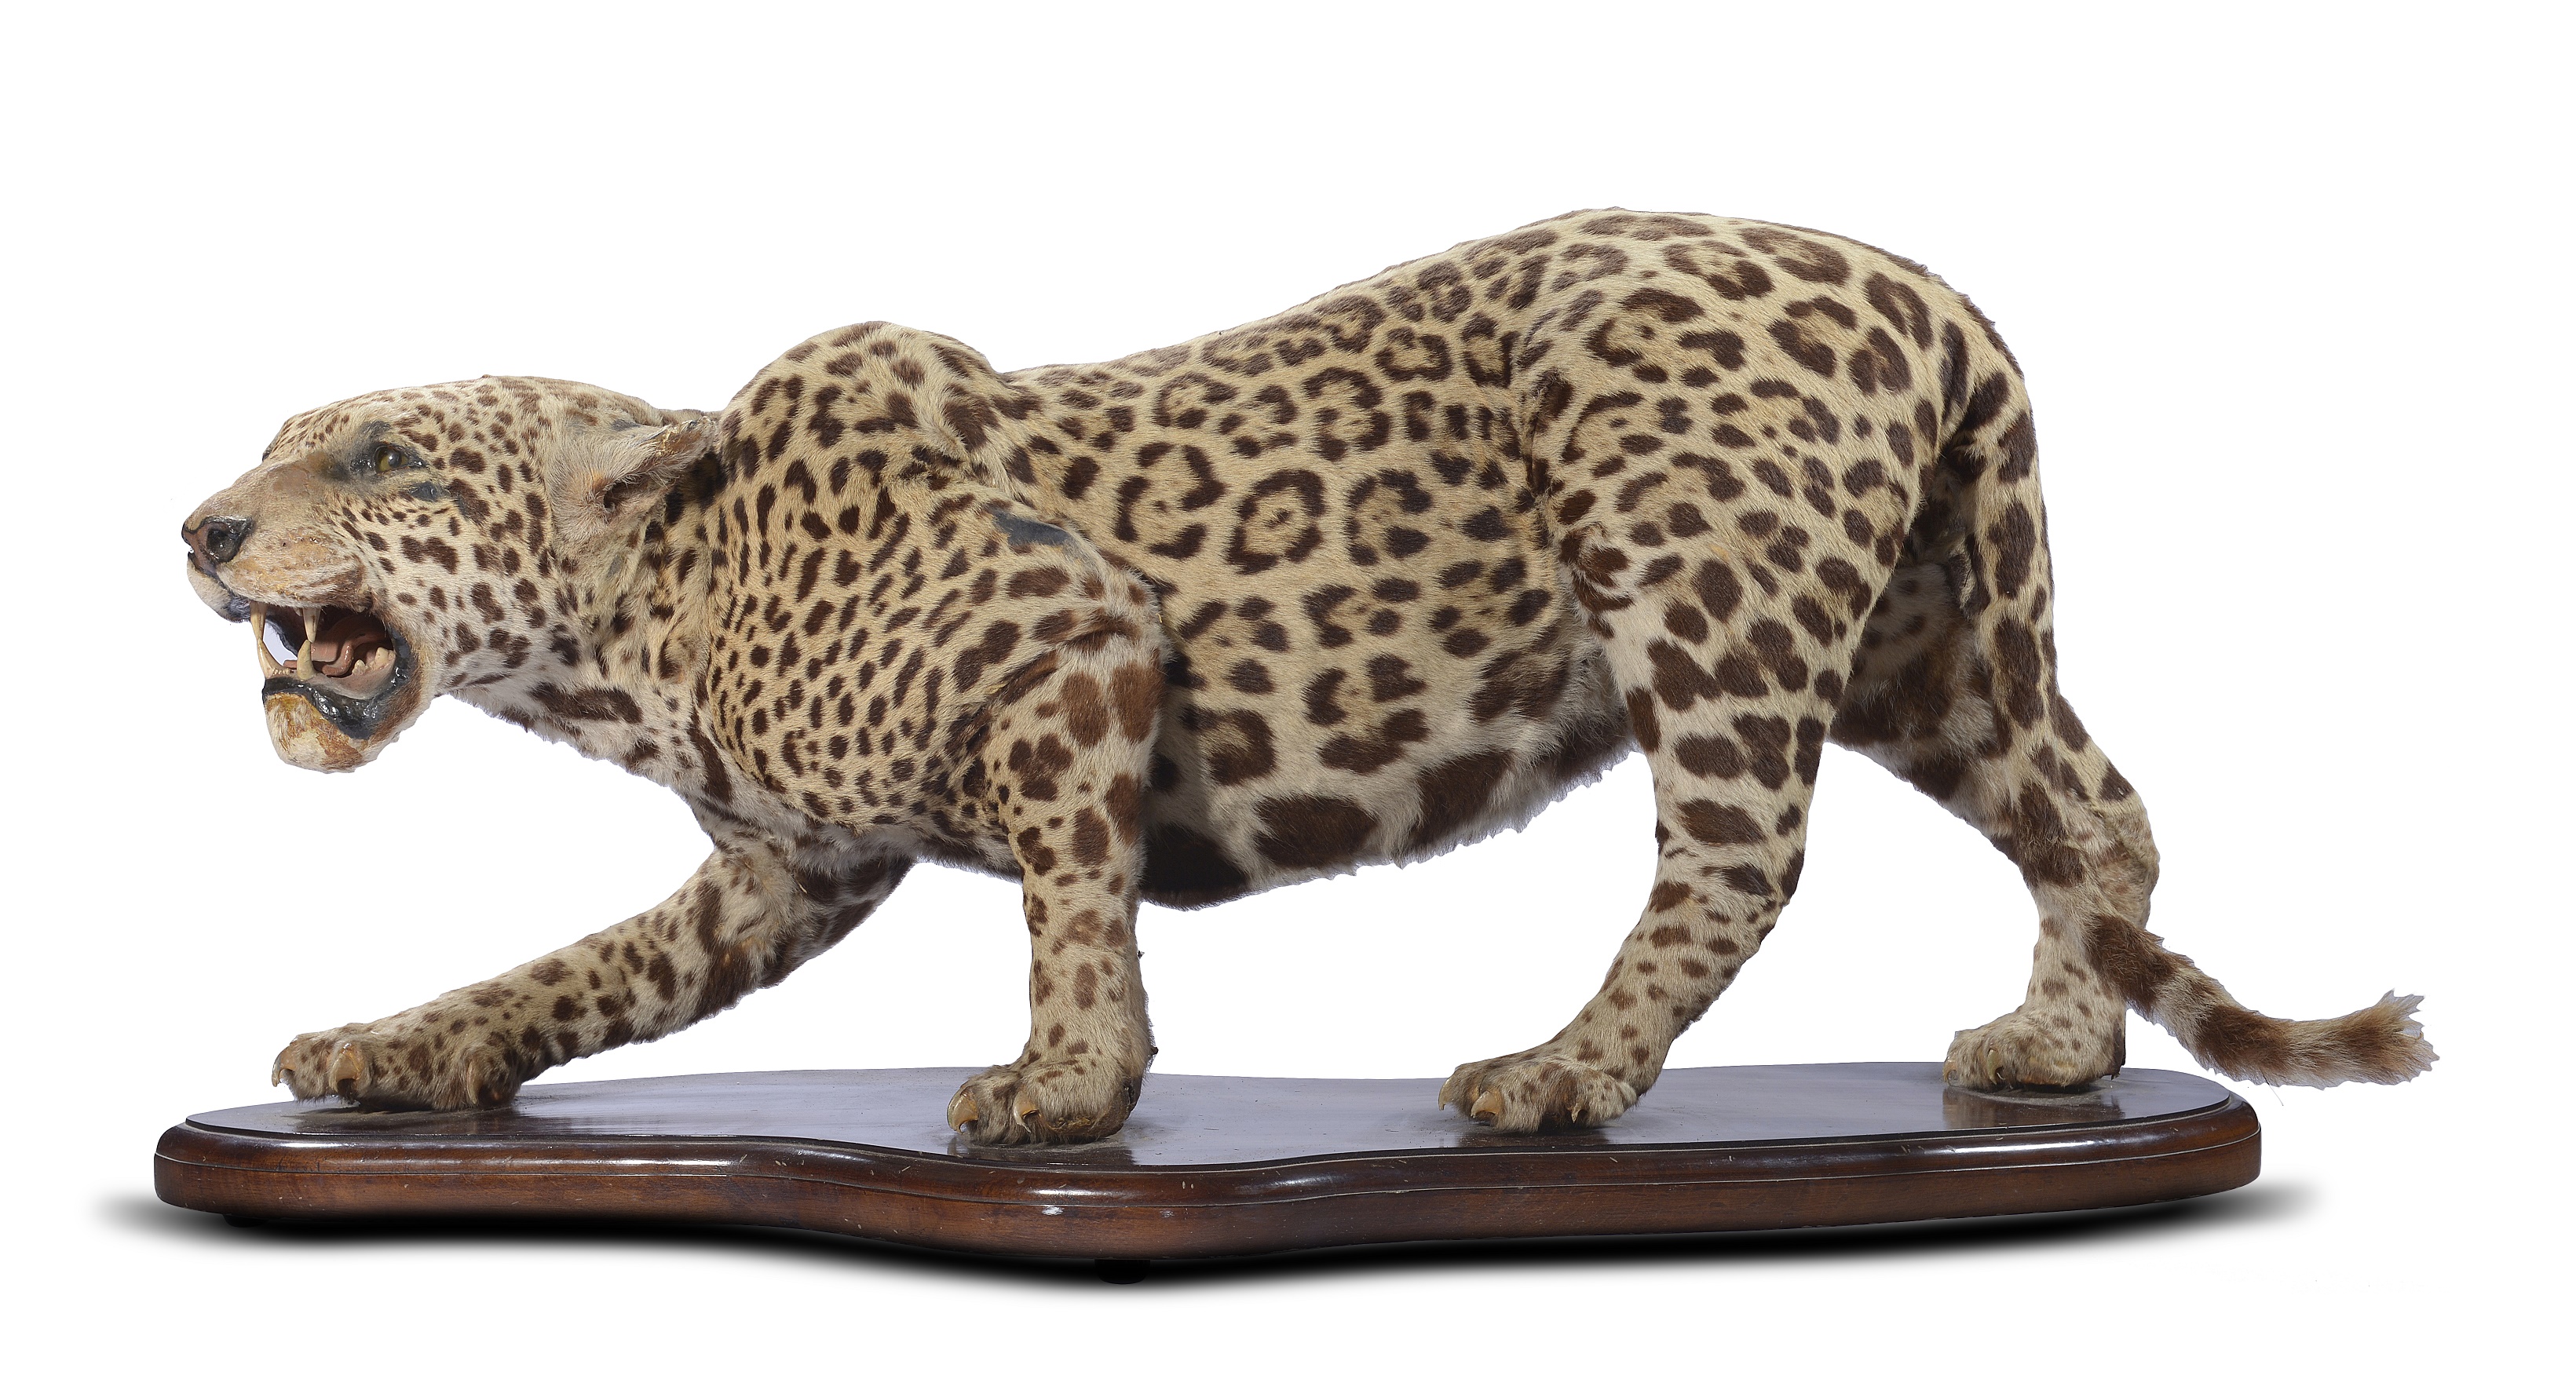 A taxidermy jaguar
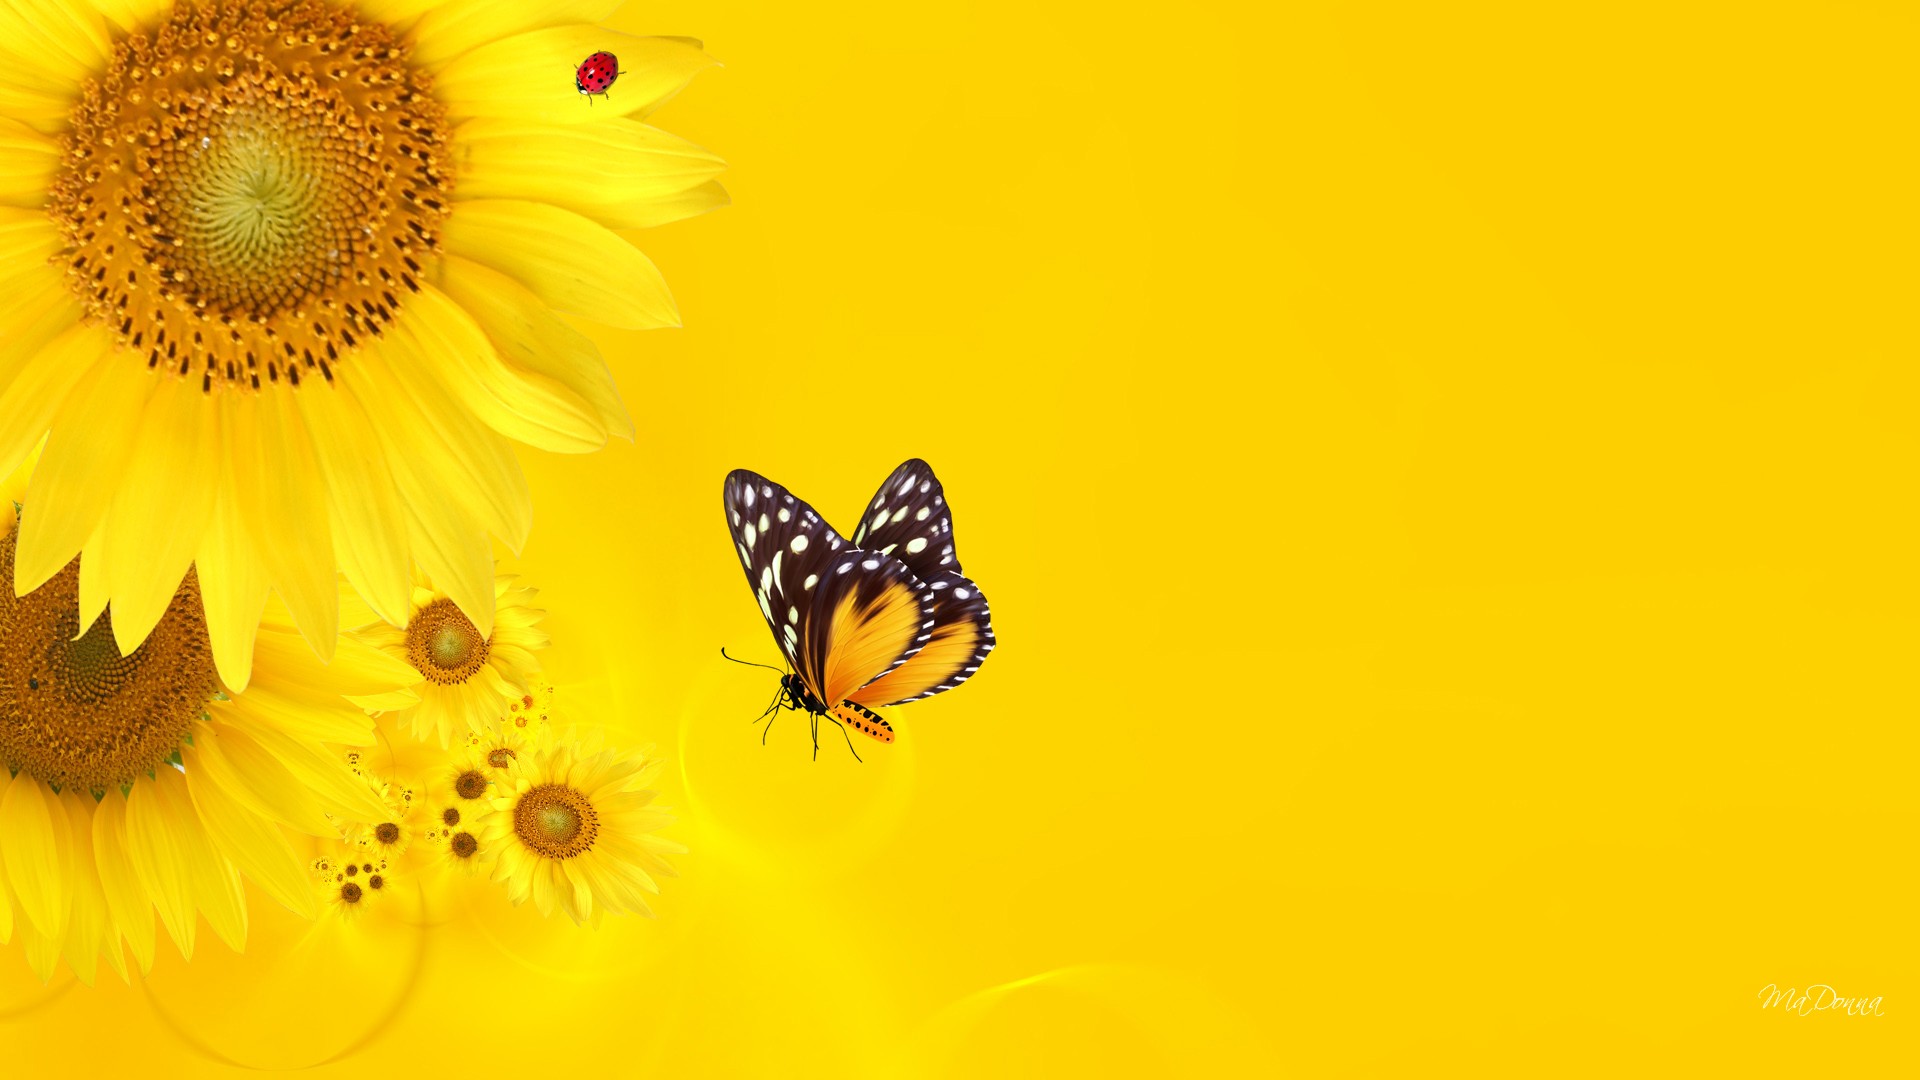 sfondo modalità ritratto,cynthia subgenus,la farfalla,insetto,giallo,macrofotografia
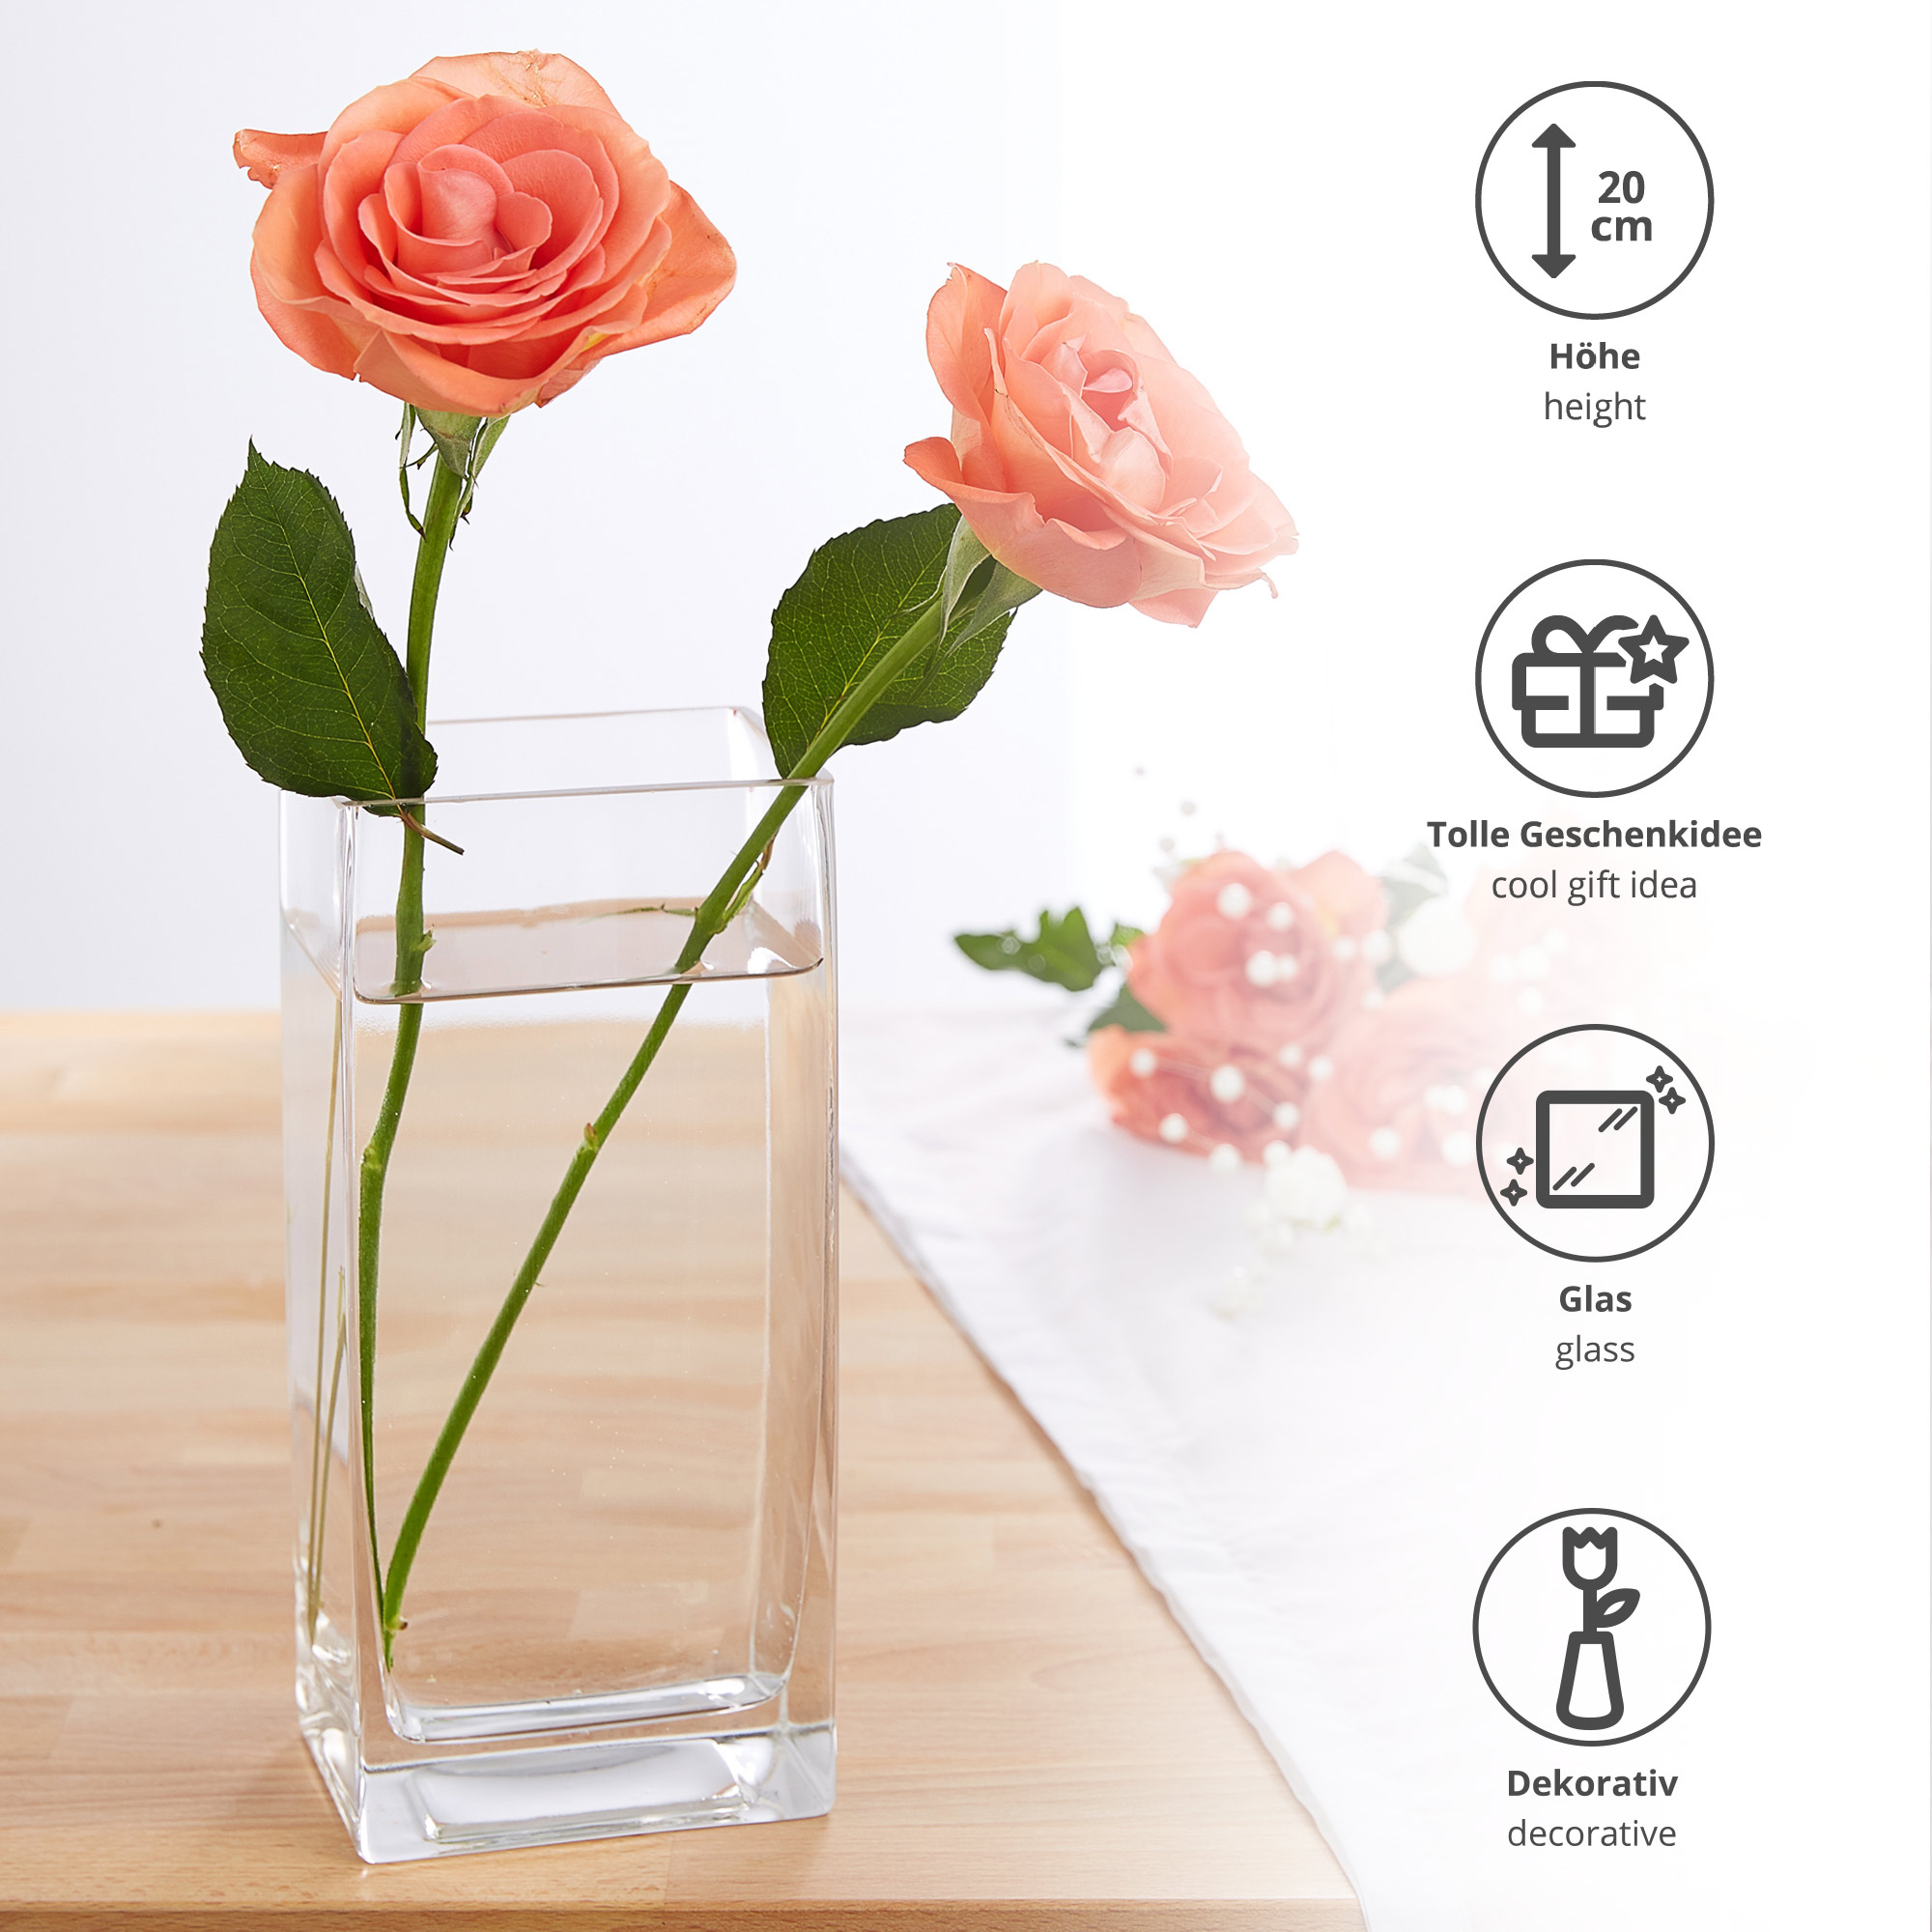 Eckige Vase - Glas Blumenvase 0006-0019-EU-0000 - 3

* [Problem to solve] Any picture in the material is to be dropped; the rest is repeated exactly.

* [Answer to this task]
 A taxidermy jaguar
 sfondo modalità ritratto,cynthia subgenus,la farfalla,insetto,giallo,macrofotografia
 Eckige Vase - Glas Blumenvase 0006-0019-EU-0000 - 3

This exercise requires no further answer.